2. The high-brightness composite nickel-plated layer according to claim 1, wherein the area ratio of the inorganic nano-modified particles in the cross section perpendicular to the surface of the nickel-plated layer is 2-10%.

3. The high-brightness composite nickel-plated layer according to claim 1, wherein the area ratio of the inorganic nano-modified particles in the vertical cross section of the surface of the nickel-plated layer is 3-5%.

4. The high-brightness composite nickel-plated layer according to claim 1, wherein the plating solution used in the preparation of said nickel-plated layer has the following composition: 240g/L of nickel sulfate 230-.

5. The high gloss composite nickel plating layer of claim 4, wherein the primary brightener is sodium dodecyl diphenyl ether disulfonate, the secondary brightener is o-chlorobenzaldehyde, and the secondary brightener is sodium methylene dinaphthalene sulfonate.

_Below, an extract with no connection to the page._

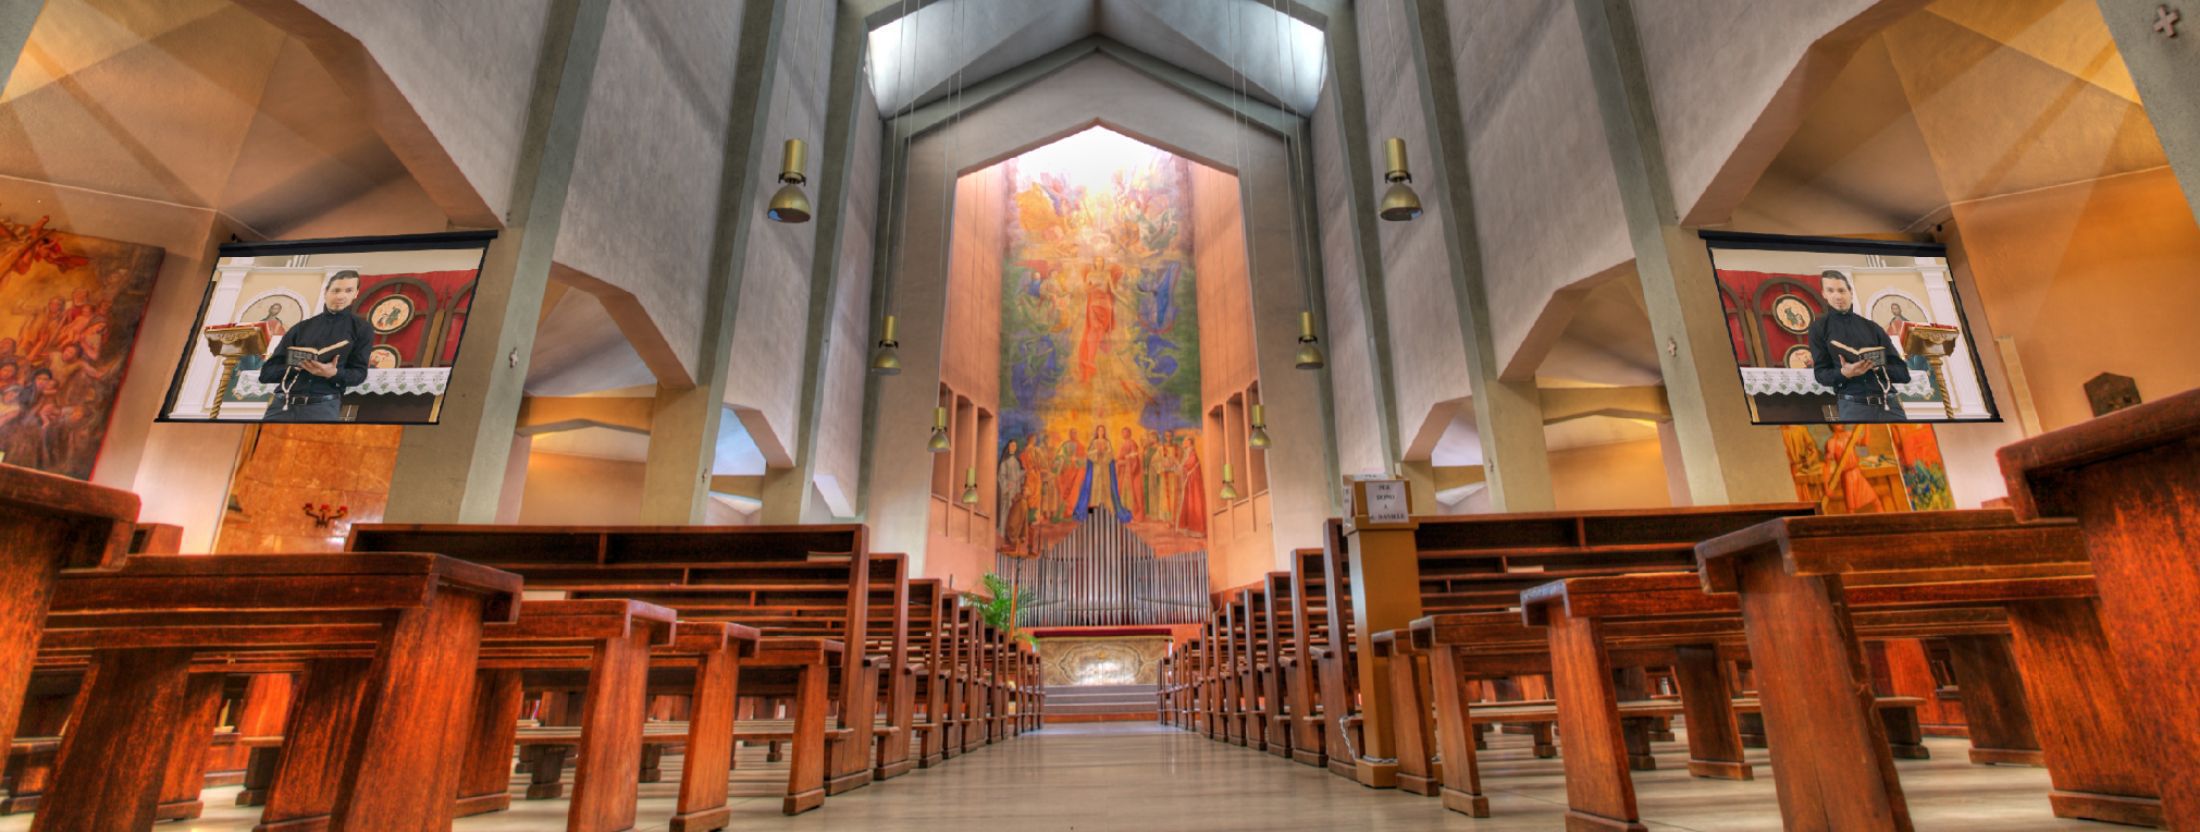 Enhancing and Amplifying Church Sound System Experience Through User-Friendly Technology.

6. The high-brightness composite nickel-plated layer according to claim 4, wherein the process parameters in the preparation process of the nickel-plated layer are pH 4-6, and the electroplating parameters are as follows: the cathode current density is 2.5-3A/dm2, the stirring speed is 5-15rpm, the time is 30-50min, and the temperature is 40-50 ℃.

7. The high-brightness composite nickel-plating layer as claimed in claim 1, wherein the baking temperature is 200-300 ℃, and the atmosphere is air.

8. The high brightness composite nickel plating layer according to claim 1, wherein the molybdenum sulfide has a particle size of 50 to 150nm and a purity of more than 99.8%.

9. The high-brightness composite nickel-plated layer as claimed in claim 1, wherein the hydrothermal process is temperature programming from 5-6 ℃/min to 180-200 ℃.